> _Activity_:
Only the pictures are dropped; the lines of the material that follow are returned exactly.

> _Supplied data_:

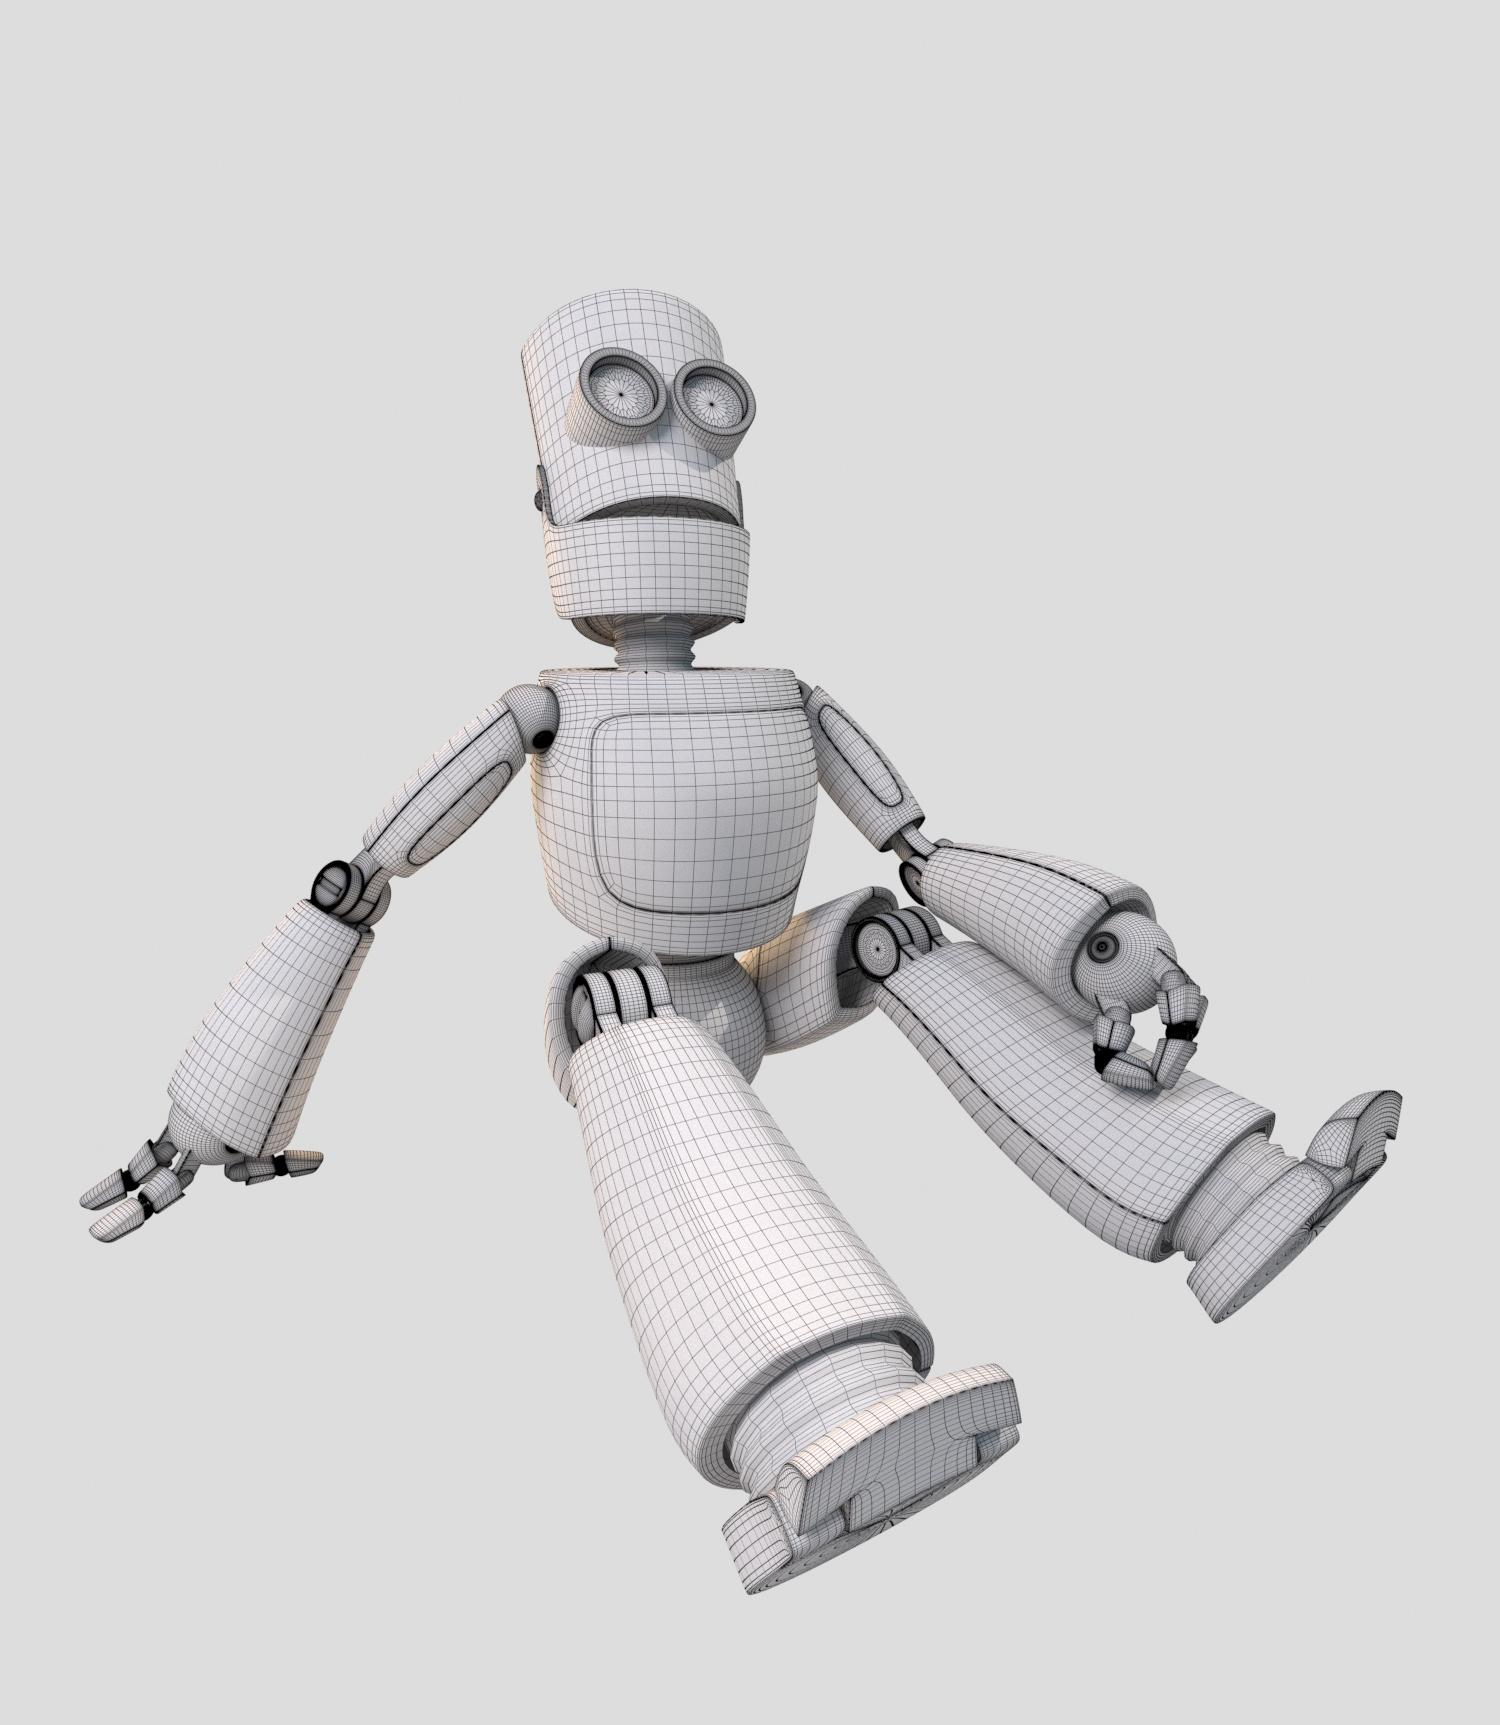 Robot. Orange robot by Gizart89   3DOcean
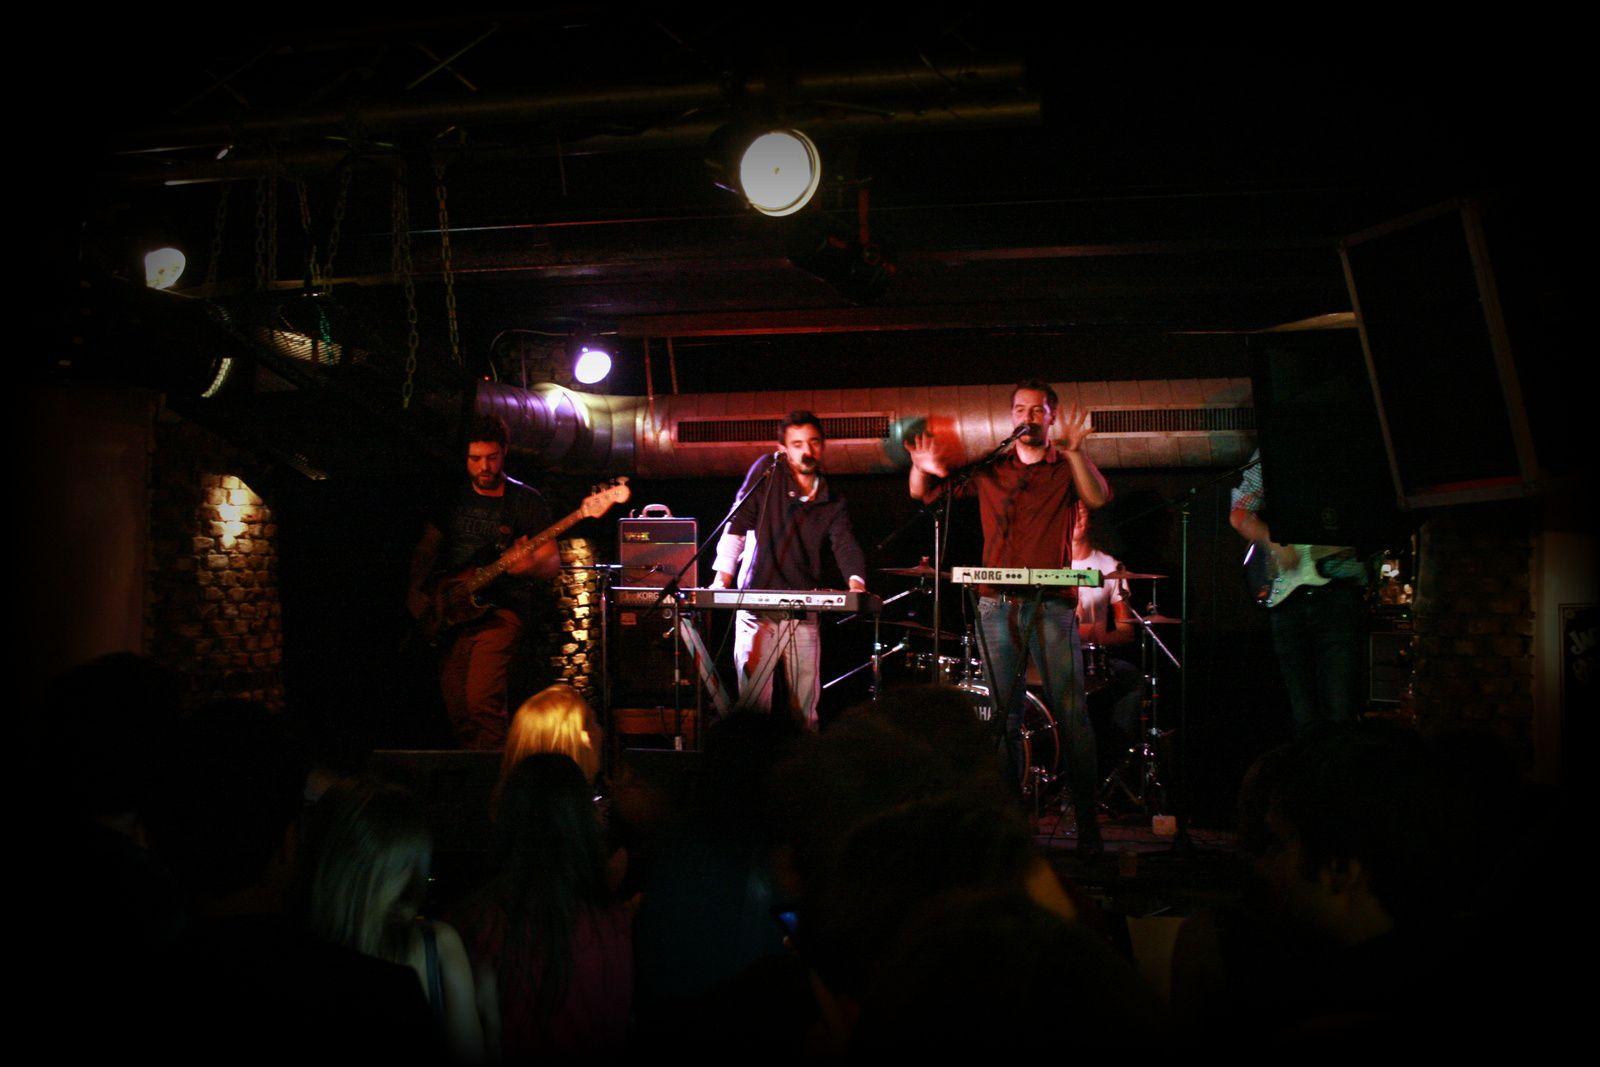 Ladylo @ Rock Classic - 23/10/2015
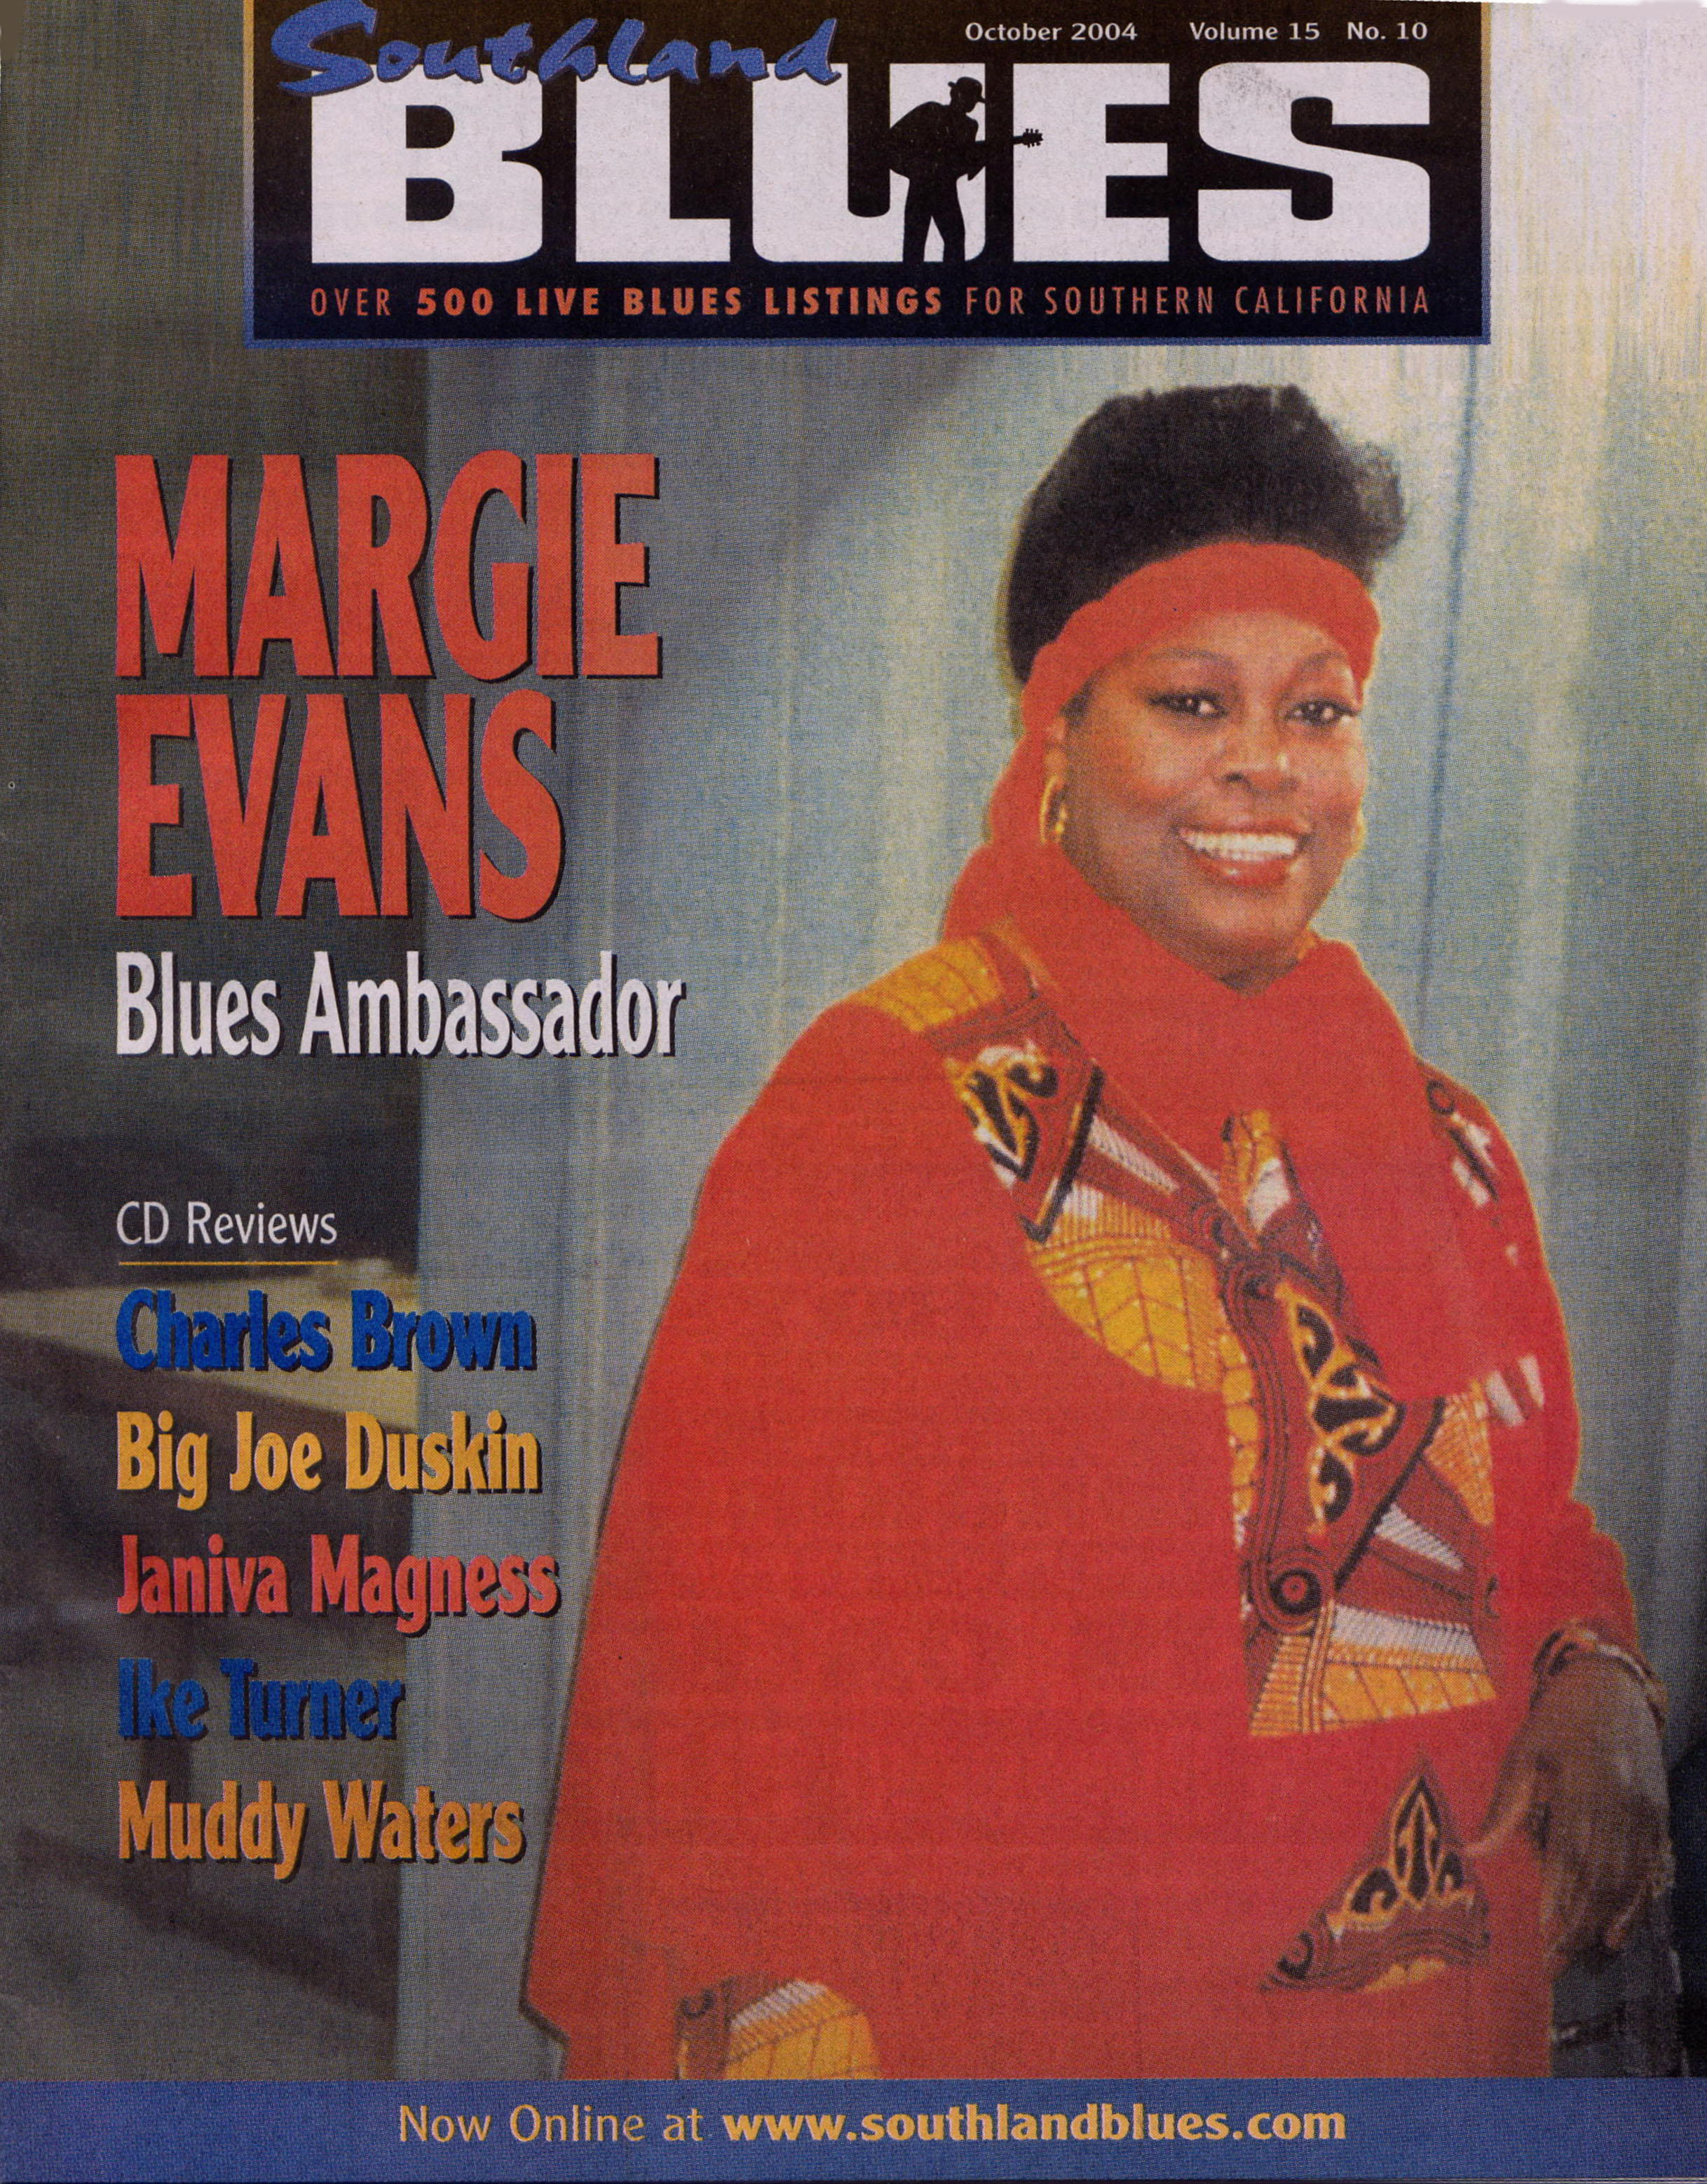 Margie Evans, Ambassador of the Blues

> _Exercise answer_:
 Robot. Orange robot by Gizart89   3DOcean
 Ladylo @ Rock Classic - 23/10/2015
 Margie Evans, Ambassador of the Blues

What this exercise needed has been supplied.